The Impact of U.S. sanctions on the Lebanese Economy

Find below the speech of Mr. Marwan Mikhael, Head of Research at BLOMINVEST BANK, at the “De-Risking & Sanctions: From Awareness to Aversion Role of Financial Regulator and Banks” conference, under the patronage of the Governor of Banque Du Liban, Mr. Riad Salame, held at The Four Seasons Hotel.  

Let me first thank Al-Bank Wal-Mustathmer Group for organizing this conference at a time when the impact of United States (U.S.) sanctions on the Lebanese economy is taking a critical stance. It is not news anymore to say that there is a new draft law being discussed by the U.S. congress regarding the tightening of sanctions on Hizbollah and its allies.

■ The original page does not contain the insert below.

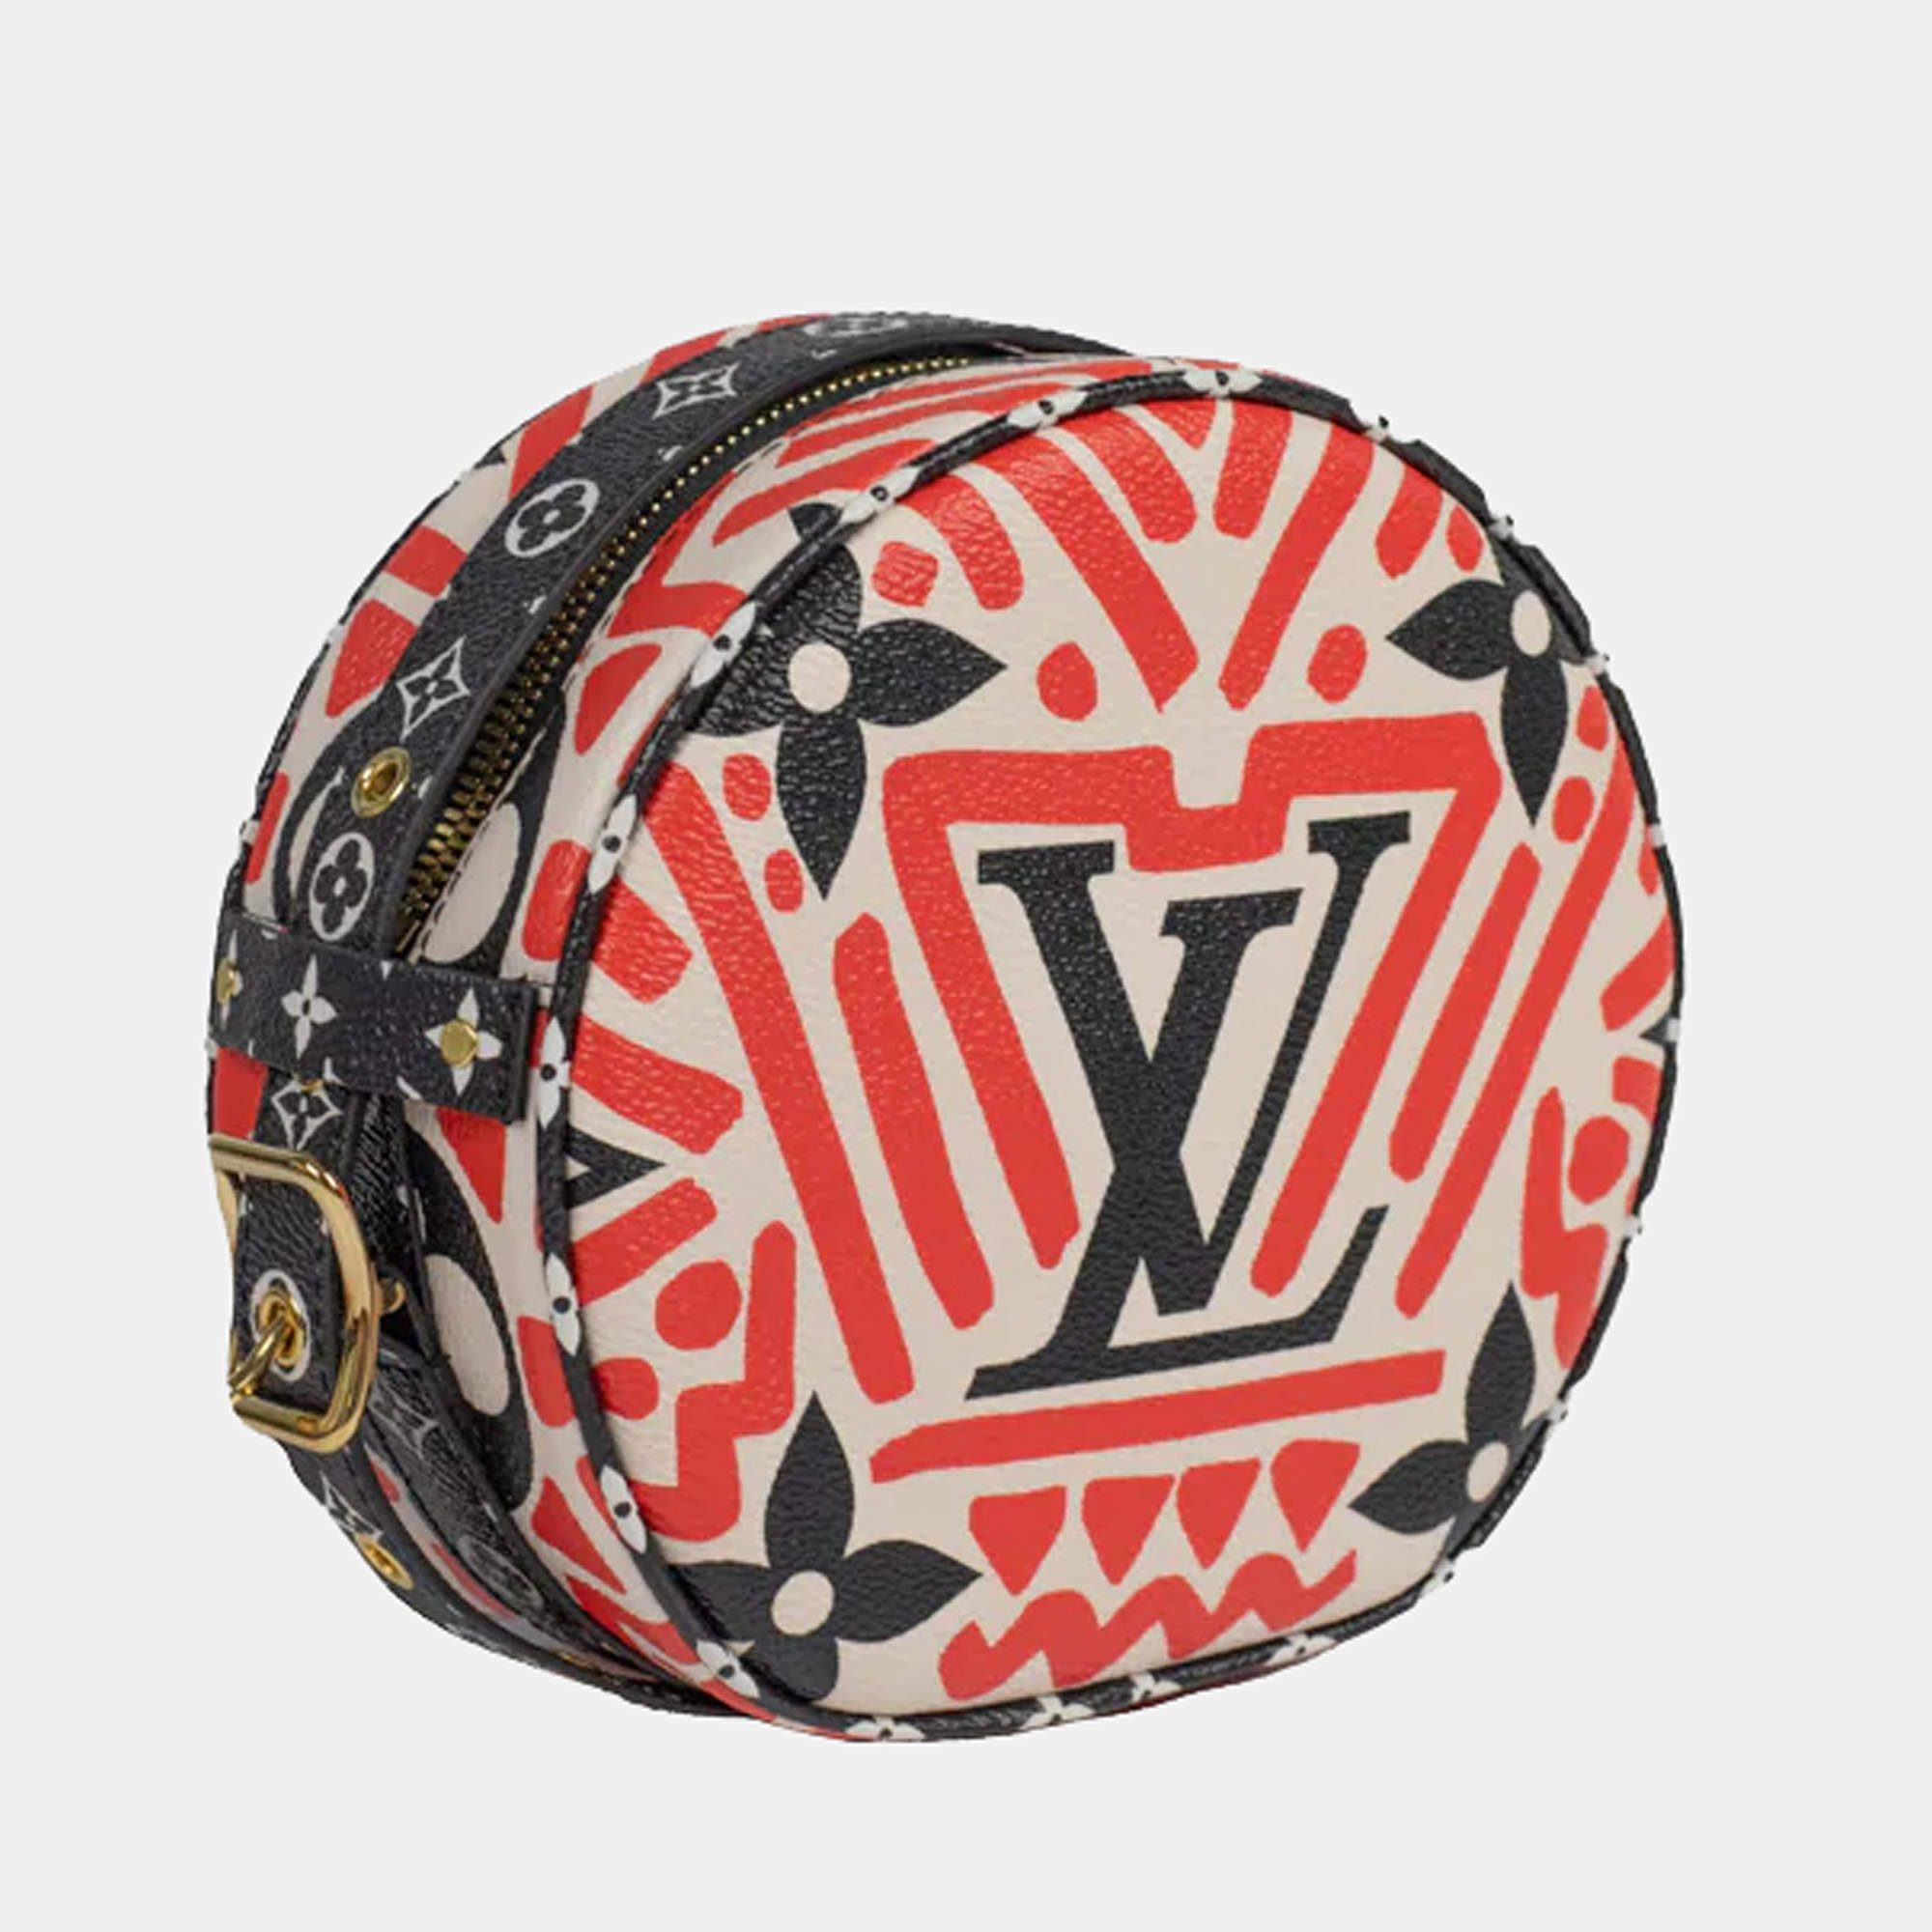 Louis Vuitton Red, White, Black, And Pink Crafty Giant Monogram

Since the financial crisis of 2008, the U.S., followed by the OECD and Basel, have been imposing lots of regulations on the financial sector targeting not only terrorism but also tax evasion, financial corruption, and financial soundness. The U.S. had issued the Foreign Account Tax Compliance Act or FATCA in 2010, which increased the compliance costs of banks. The OECD followed recently with the Global Account Compliance Act or GATCA also known as Common Reporting System. Moreover regulations have been issued to try to counter any future financial crisis, which comprised more restrictions on the work of financial institutions and required higher standards regarding adequacy and other ratios…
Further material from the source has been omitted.